It is always a pleasure to see you in the Chair, Mr Hollobone. I thank all hon. Members for their attendance this afternoon. These days—and today of all days—it feels like our focus is relentlessly on Brexit, yet there are other pressing issues on the agenda. I am particularly grateful to fellow members of the all-party parliamentary group on global education for their support and for being here this afternoon. I thank RESULTS UK for its excellent and informative briefing ahead of this debate. I draw hon. Members’ attention to my entry in the Register of Members’ Financial Interests, specifically to the fact that I took part in a delegation to Tanzania in September 2017. It is largely my experience in Tanzania and the work of the Send My Friend to School campaign that motivated me to apply for this debate.
Some folk watching are probably wondering why the MP for Glasgow East was in Tanzania, not Tollcross, just a few months after a narrowly fought election contest during the general election. It was precisely because of my experience during the general election that I wanted to dedicate some of my time as an MP to international development and advocating for the most disadvantaged in our world. During the election campaign, I faced a number of relatively hostile questions about the 0.7% target. I was asked why we bothered with international aid. Some folk even reeled off soundbites such as, “Charity begins at home.” As a first-time candidate, I was faced with an instant dilemma: did I keep my head down and just nod along, agreeing with those uninformed, right-wing, reactionary arguments, or did I stand up and speak out, demanding that children in eastern Africa get the same level of education as my children in Glasgow East? During my time in Tanzania, my eyes were truly opened to the shocking educational inequality that the world faces.
Before I come on to the substance of my remarks, it will be useful to set the scene and provide a bit of context about my concerns and why I applied for this debate. We know from UNESCO data that 262 million children and young people are unable to access education; that 387 million children of primary school age do not achieve the minimum proficiency levels in reading; that twice as many girls as boys never start school; that half of all children with disabilities in low and middle-income countries do not go to school; and that refugee children are five times more likely to be out of school than their non-refugee peers.
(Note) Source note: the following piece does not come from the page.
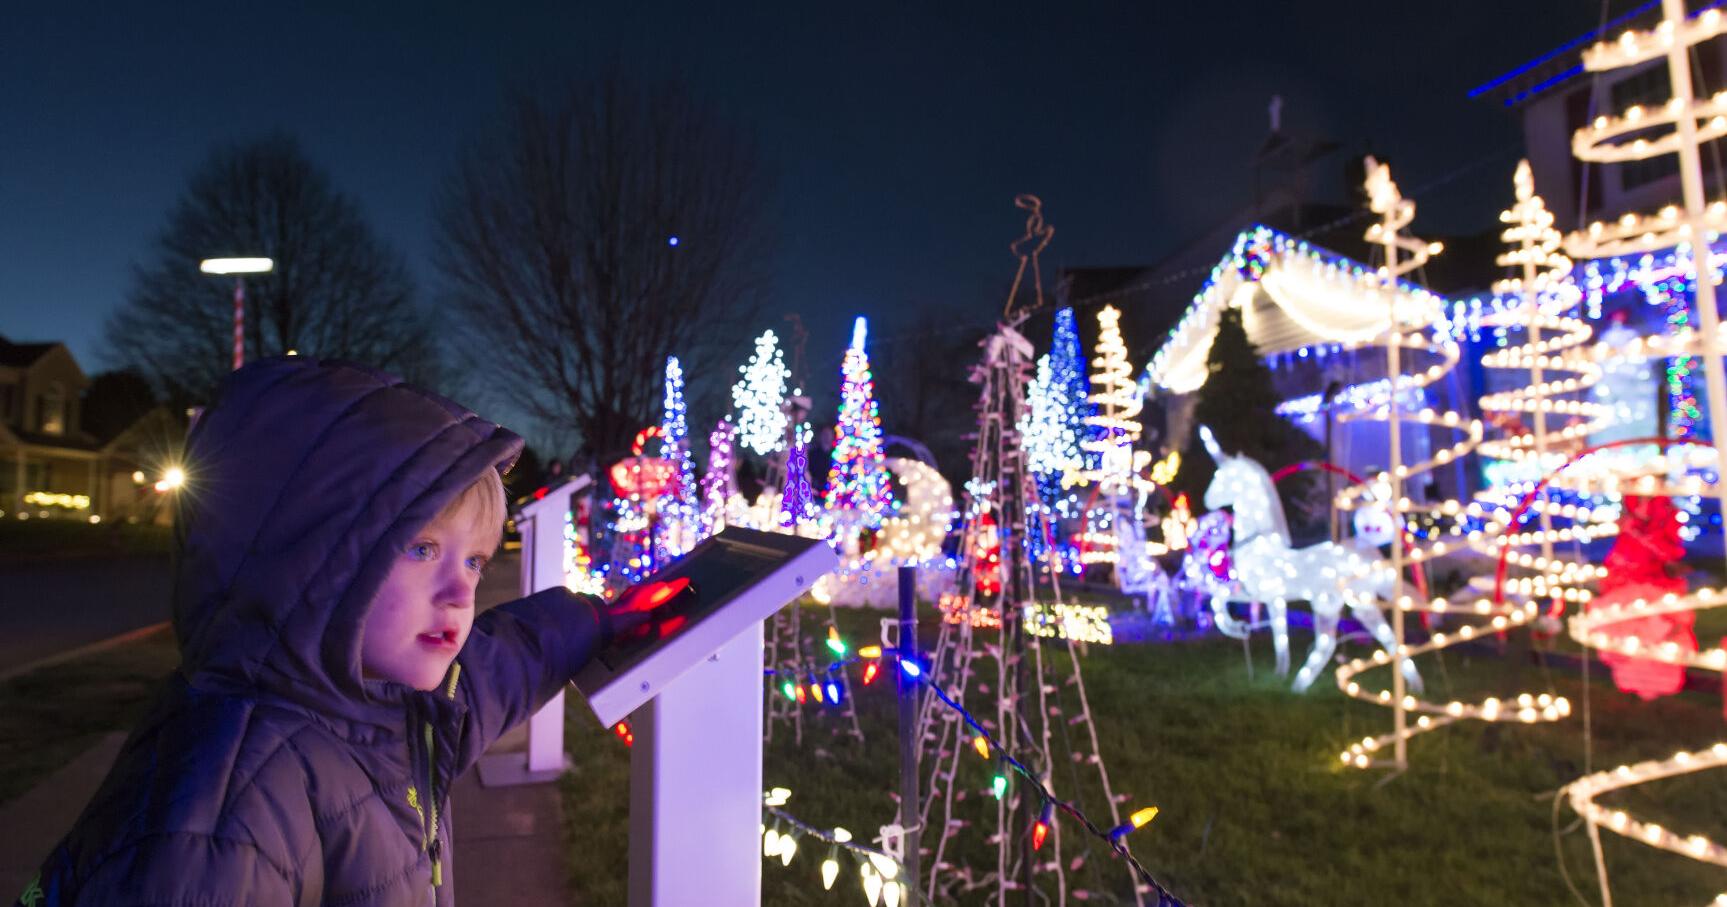 Show us your display for the 2022 Holiday Lights contest

Crucially, many of the furthest-behind children experience several factors of marginalisation at the same time, in overlapping and reinforcing ways, which increases their exclusion.
Girls in conflict-affected countries are almost two and a half times more likely to be out of school than those in countries that are not in conflict. The poorest children are four times more likely not to go to school than the richest. That is an incredibly stark statistic. We all agree that education is a universal human right, but due to inequality, millions of children are still locked out of education simply because of who they are and where they live. Members of Parliament would not countenance the idea that the children in the poorest parts of our constituencies do not go to school while those in more affluent polling districts get an education, but on a larger scale that is essentially what is happening in the world today.
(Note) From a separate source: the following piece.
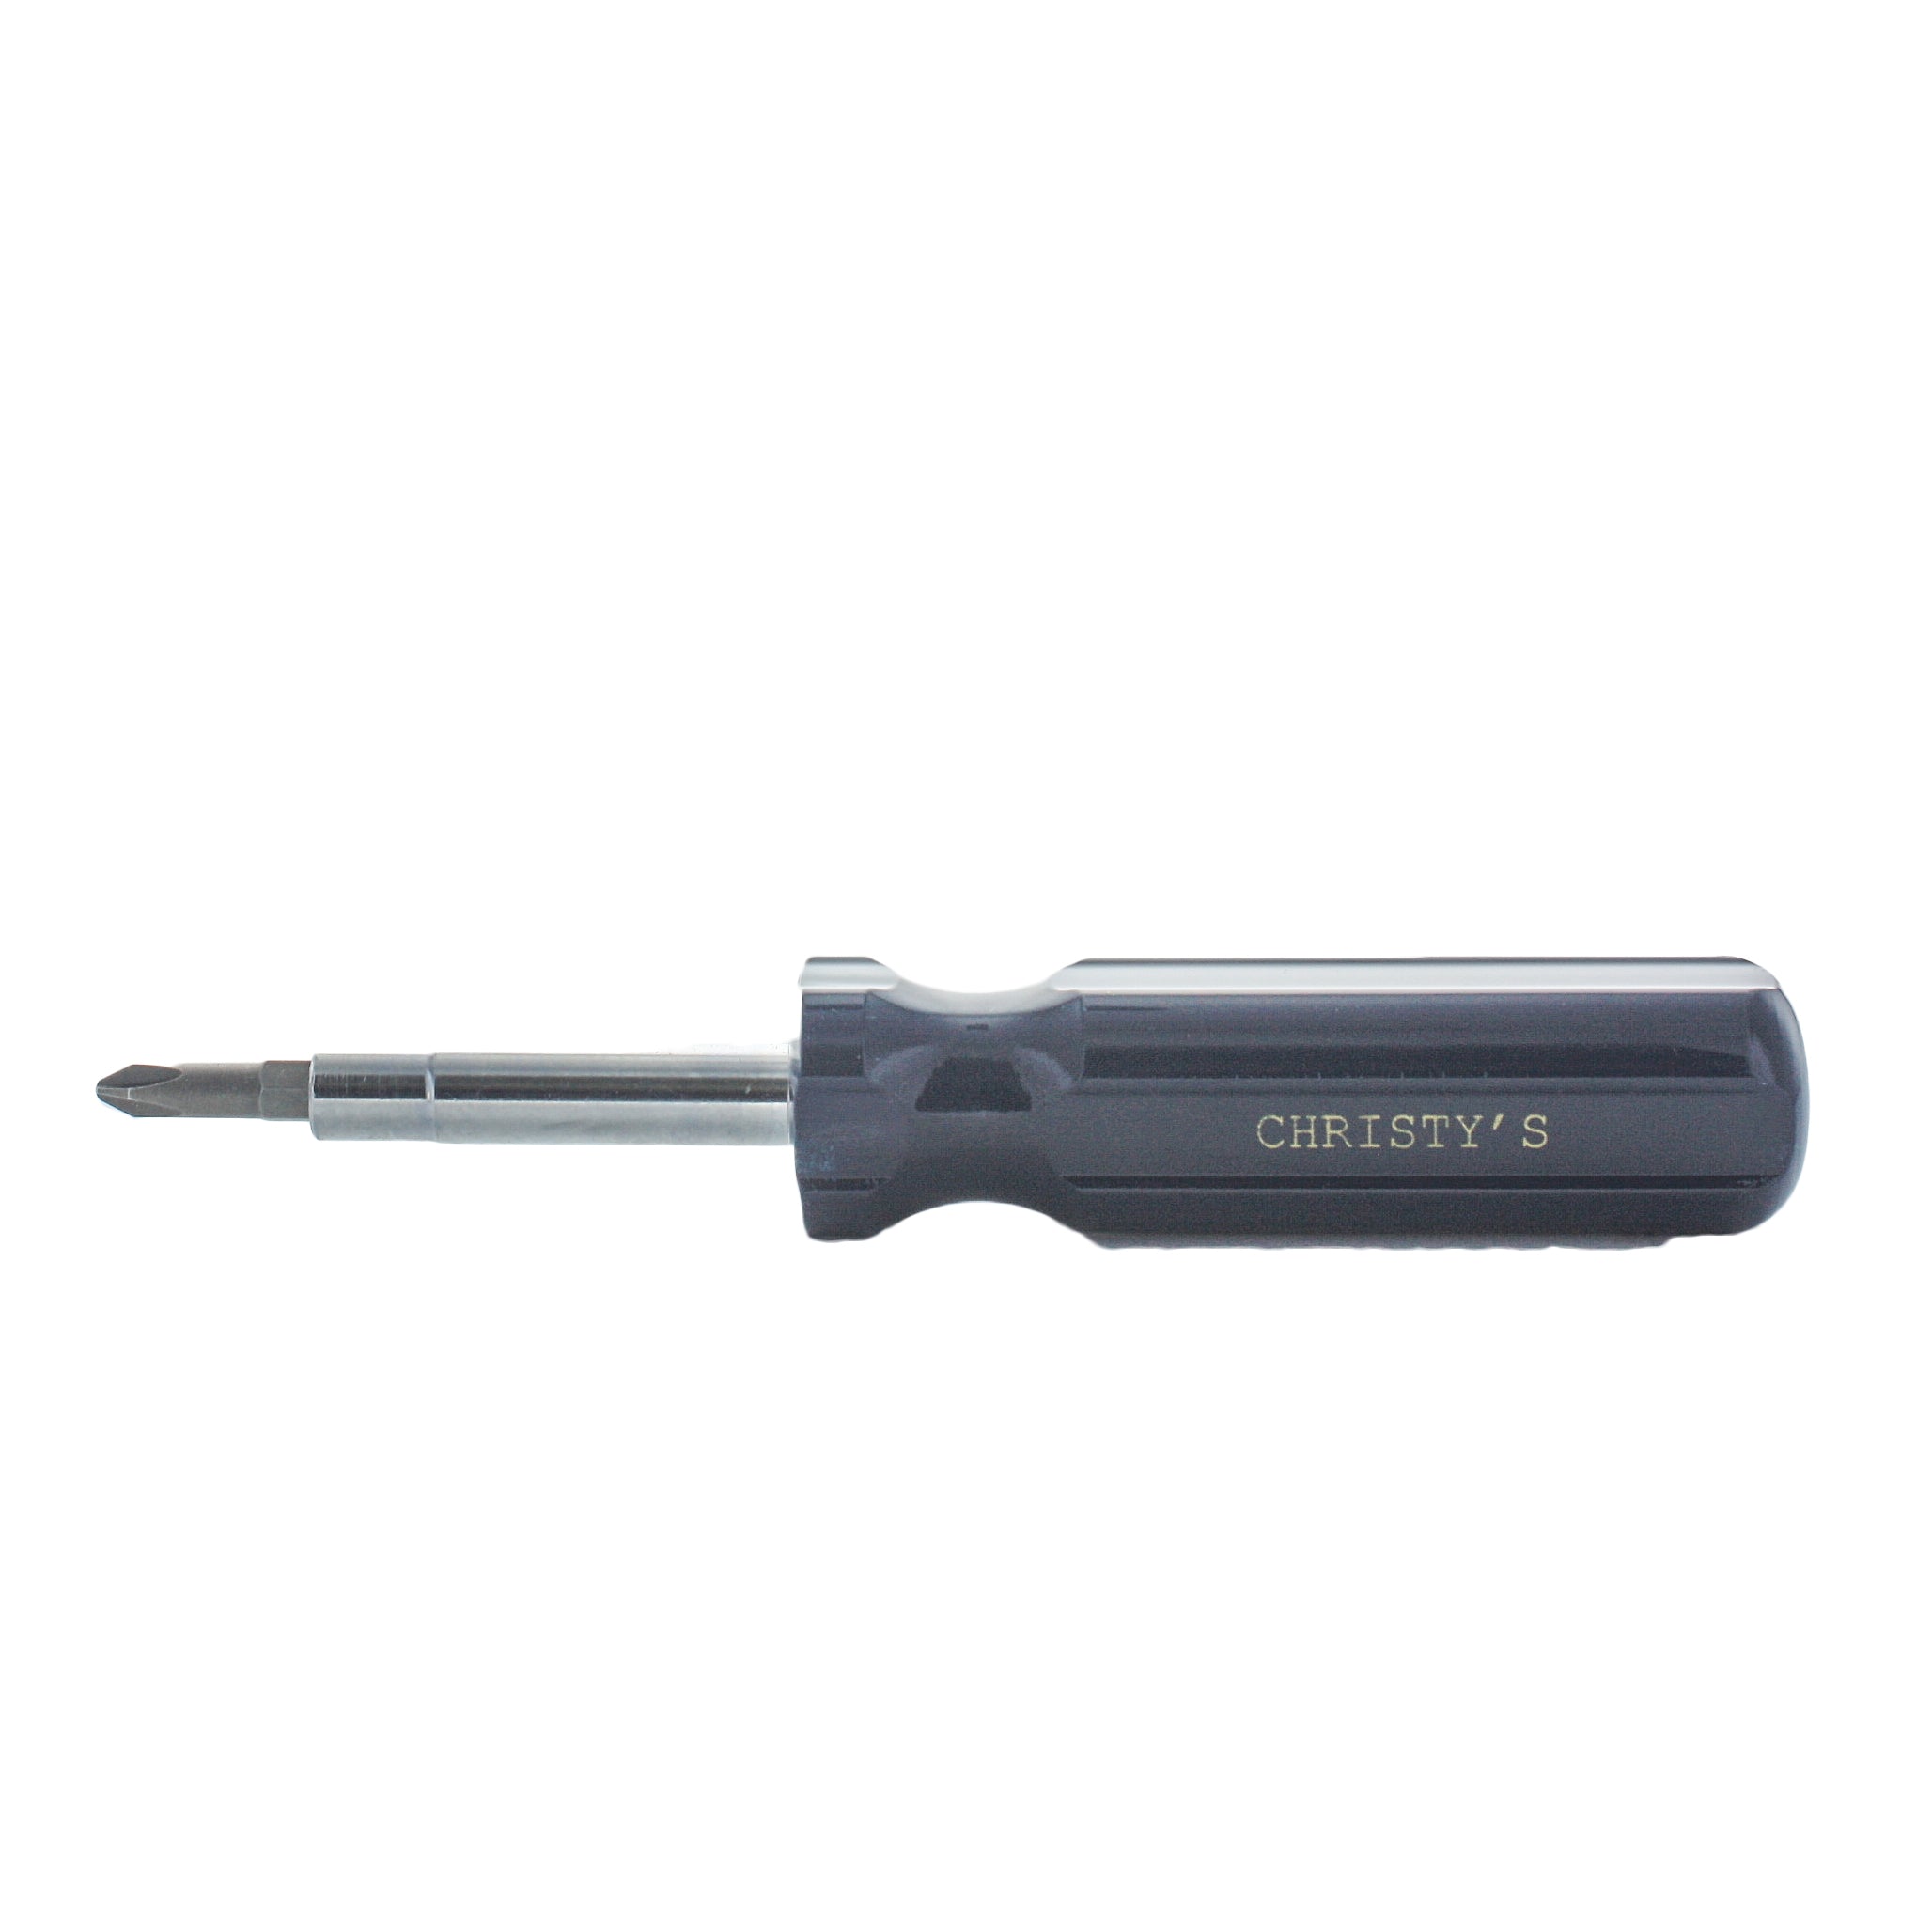 Christy's - 6N1TC - 6 In one Screwdriver

In 2017, I had the privilege of joining a parliamentary delegation to Tanzania alongside the hon. Member for Crawley (Henry Smith), the hon. Member for City of Durham (Dr Blackman-Woods) and Lord Watts. I want to reflect on some of what I saw on the ground as I travelled through Dodoma, Sigita and Dar es Salaam. To understand better the challenges we face in global education, let us drill down and see why such inequality in education persists. First, unequal education systems around the world perpetuate and reinforce inequality, as the critical early years of education are neglected in development, humanitarian and crisis settings. Put simply, schools that serve disadvantaged communities, despite the fact that they have the greatest needs, have the poorest teaching and learning environments because they are under-resourced and under-supported. Disadvantaged communities are more likely to suffer from a shortage of schools and only have schools that are of the poorest infrastructure quality. Basic things such as a lack of sanitary provision at schools means that there are further consequences for young female students, in particular.
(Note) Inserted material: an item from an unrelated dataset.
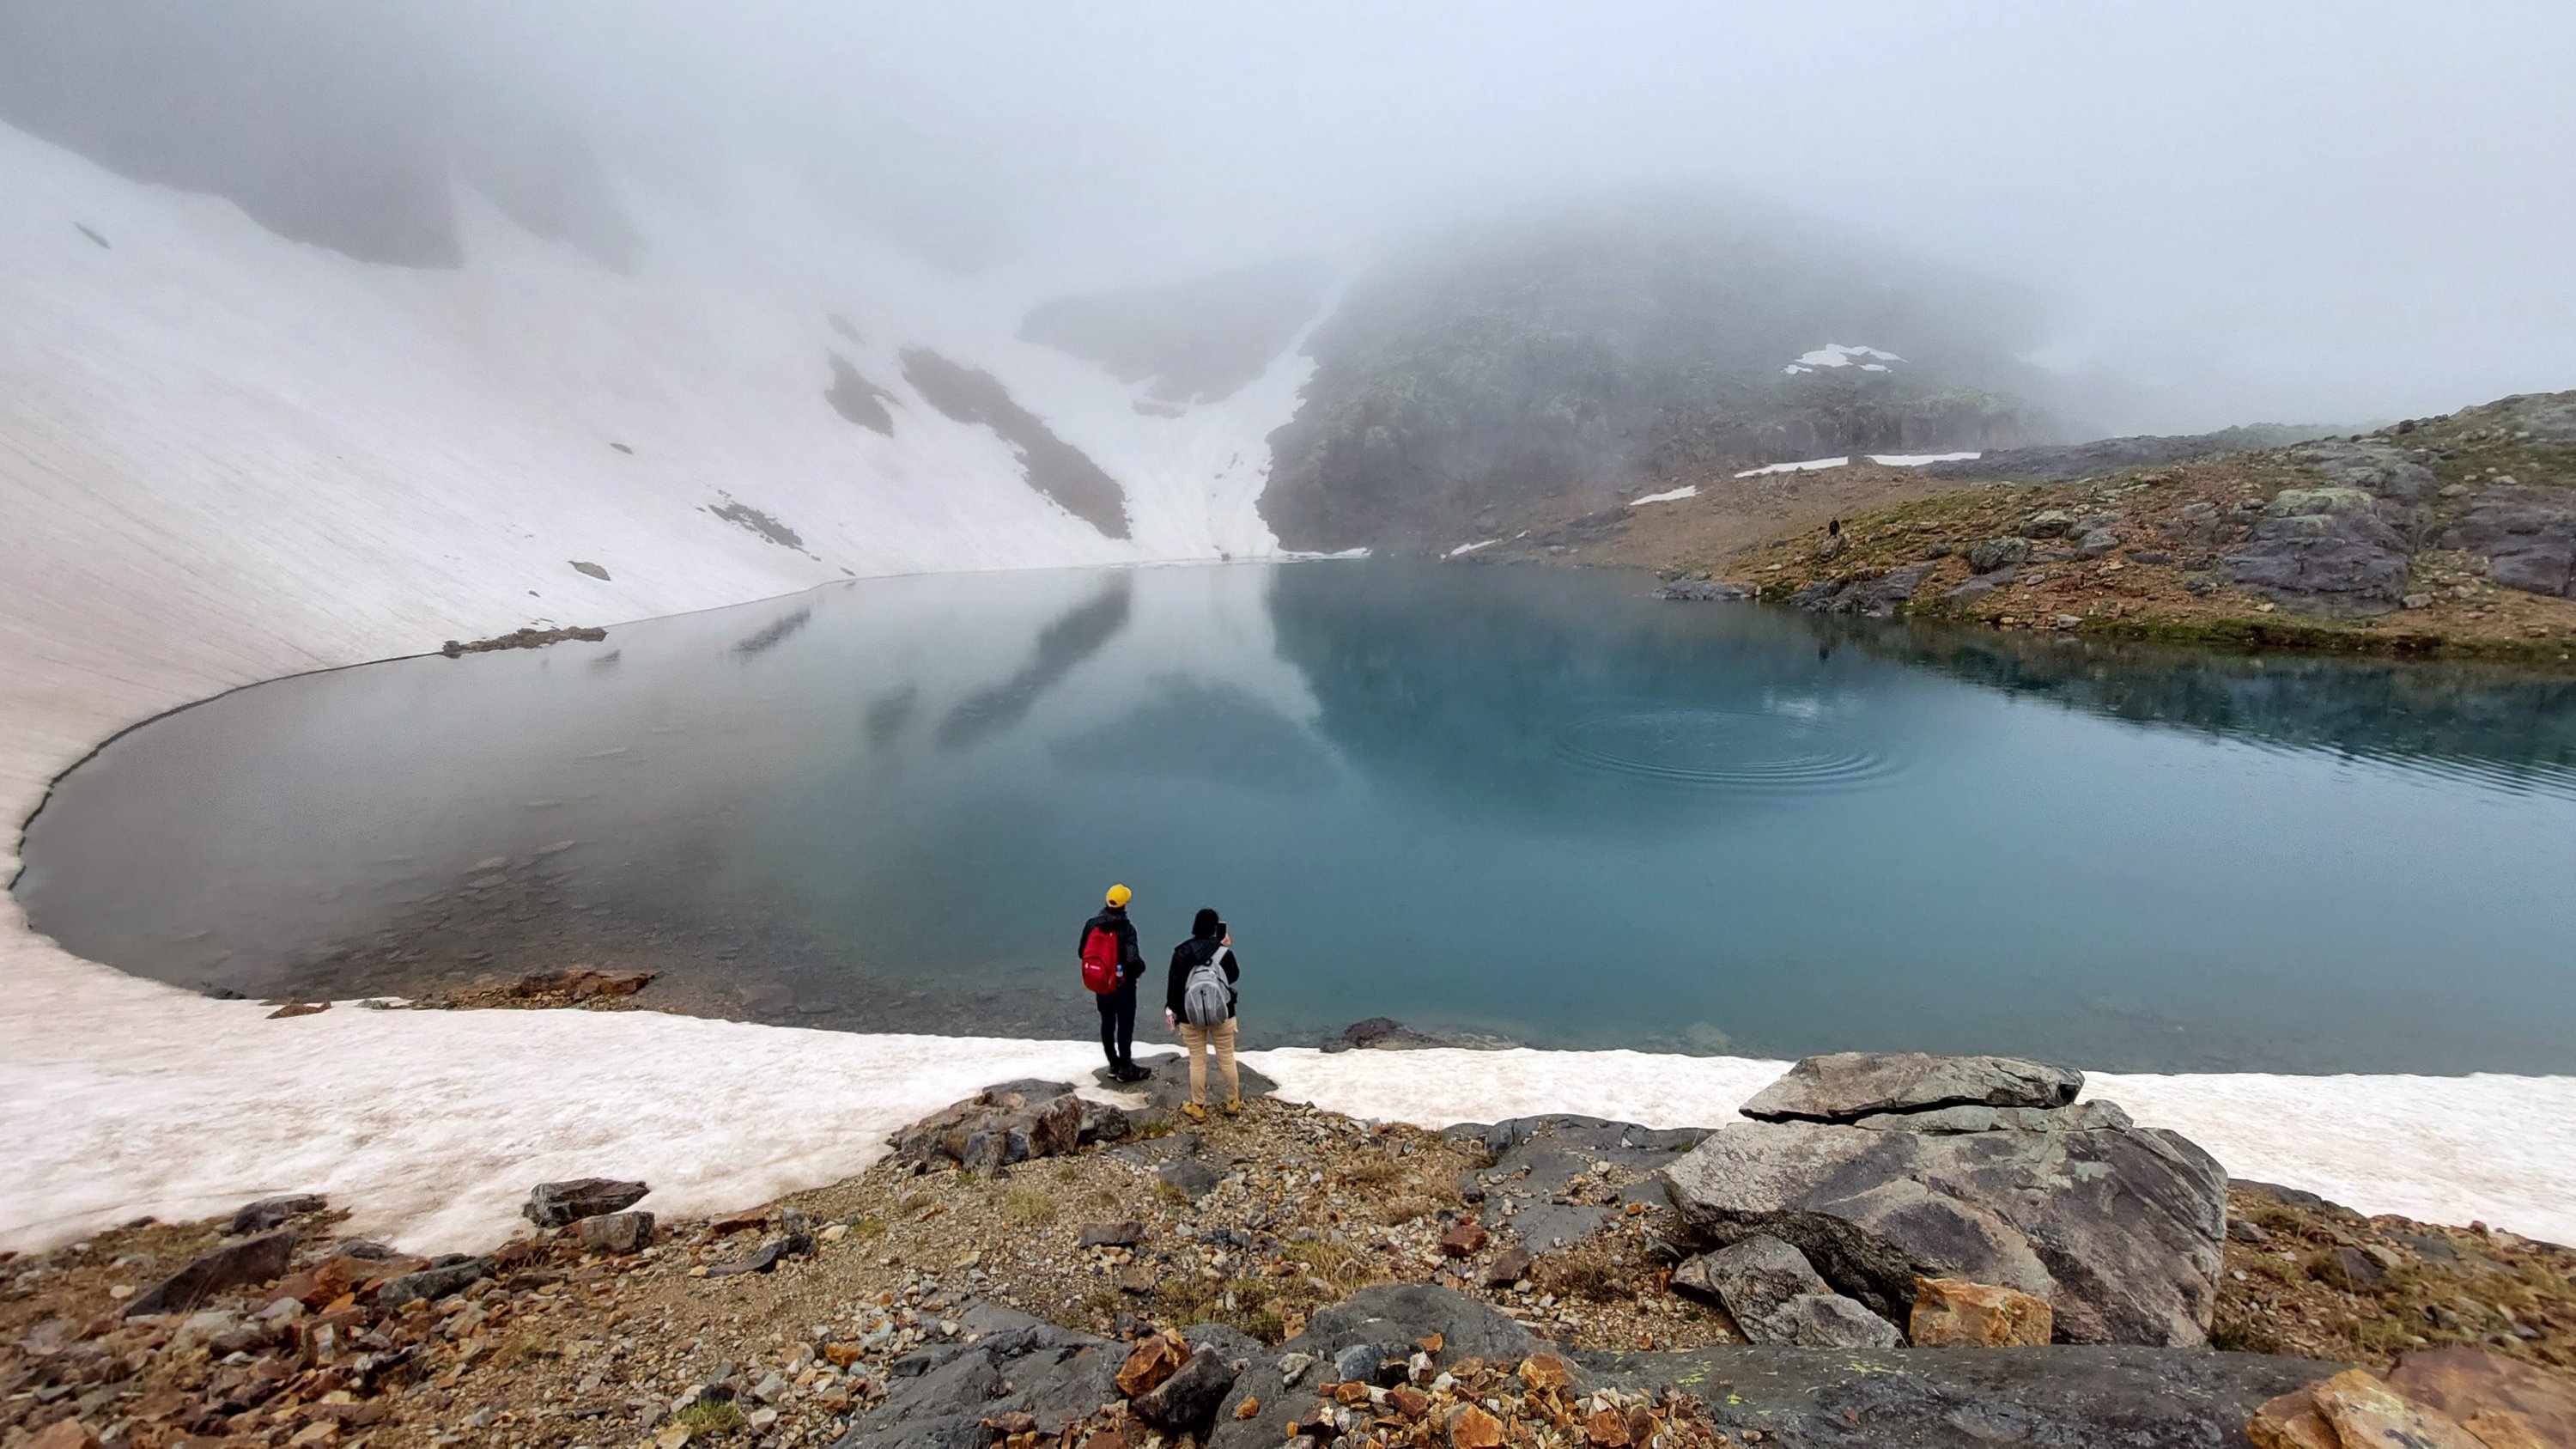 Artabel Lakes Nature Park, also called as "the summit where light meets water," offers a stunning view for its visitors, Gümüşhane, Turkey, June 27, 2022. (IHA Photo)

Secondly, inadequate domestic resources mean that education systems are under-financed. Far too many Governments still fail to meet the internationally recommended allocation of 15% to 20% of total public expenditure allocated to education. Education budgets are often spent without enough sensitivity and attention to reaching the furthest-behind groups. That often creates a situation in which households have to bear the significant financial burden of paying fees to send their children to school. Fees remain a major barrier to education for the world’s poorest. We need greater and more effective international financing, as aid to education is stagnating. In short, domestic and international education financing should be underpinned by progressive universalism and expanding provision for all, while focusing on the furthest behind.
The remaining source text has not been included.